Eastside is a 1999 American crime drama film directed by Lorena David, starring Mario Lopez, Elizabeth Bogush and Mark Damon Espinoza.

==Cast==
- Mario Lopez as Antonio Lopez
- Elizabeth Bogush as Claire Gabriel
- Mark Damon Espinoza as Horatio Lopez
- Efrain Figueroa as Armando de la Rosa
- Richard Lynch as Toad

==Reception==
Kevin Thomas of the Los Angeles Times called the film "sharp, fast and energetic" and wrote that it has "depth, dimension and wit". John Jimenez of the Video Store Magazine wrote that the film is "well-done" with "acting good enough to put it in a class above most in its genre."

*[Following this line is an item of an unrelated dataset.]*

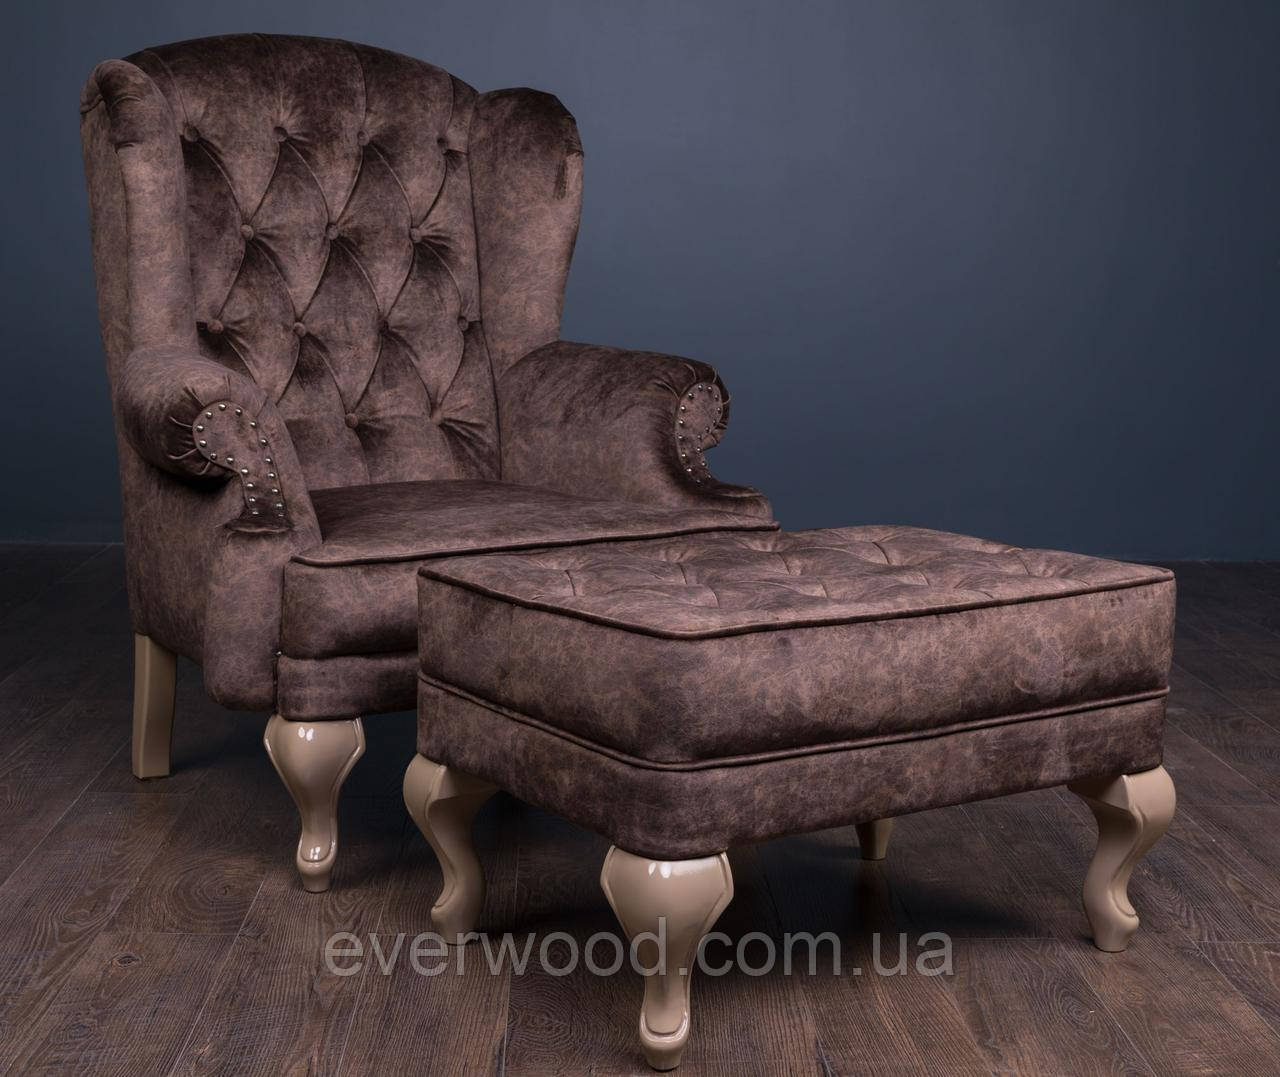 фото Классическое мягкое кресло Вальтер и пуф, удобное кресло с каркасом из дерева

TV Guide wrote that while the film was "sturdily acted", it is "basically a PSA aimed to point repeat offenders poised away from the path to perdition and on to the road to social service". Buzz McClain of the Video Business called the film "competent if unthrilling" and "too good-natured for its own good". Michael Speier of Variety wrote that while Lynch "invests his worldly wise caretaker with a degree of spirituality", the "supporting players are flat", and Lopez is "unconvincing as a young man who can steal cars and pull a trigger".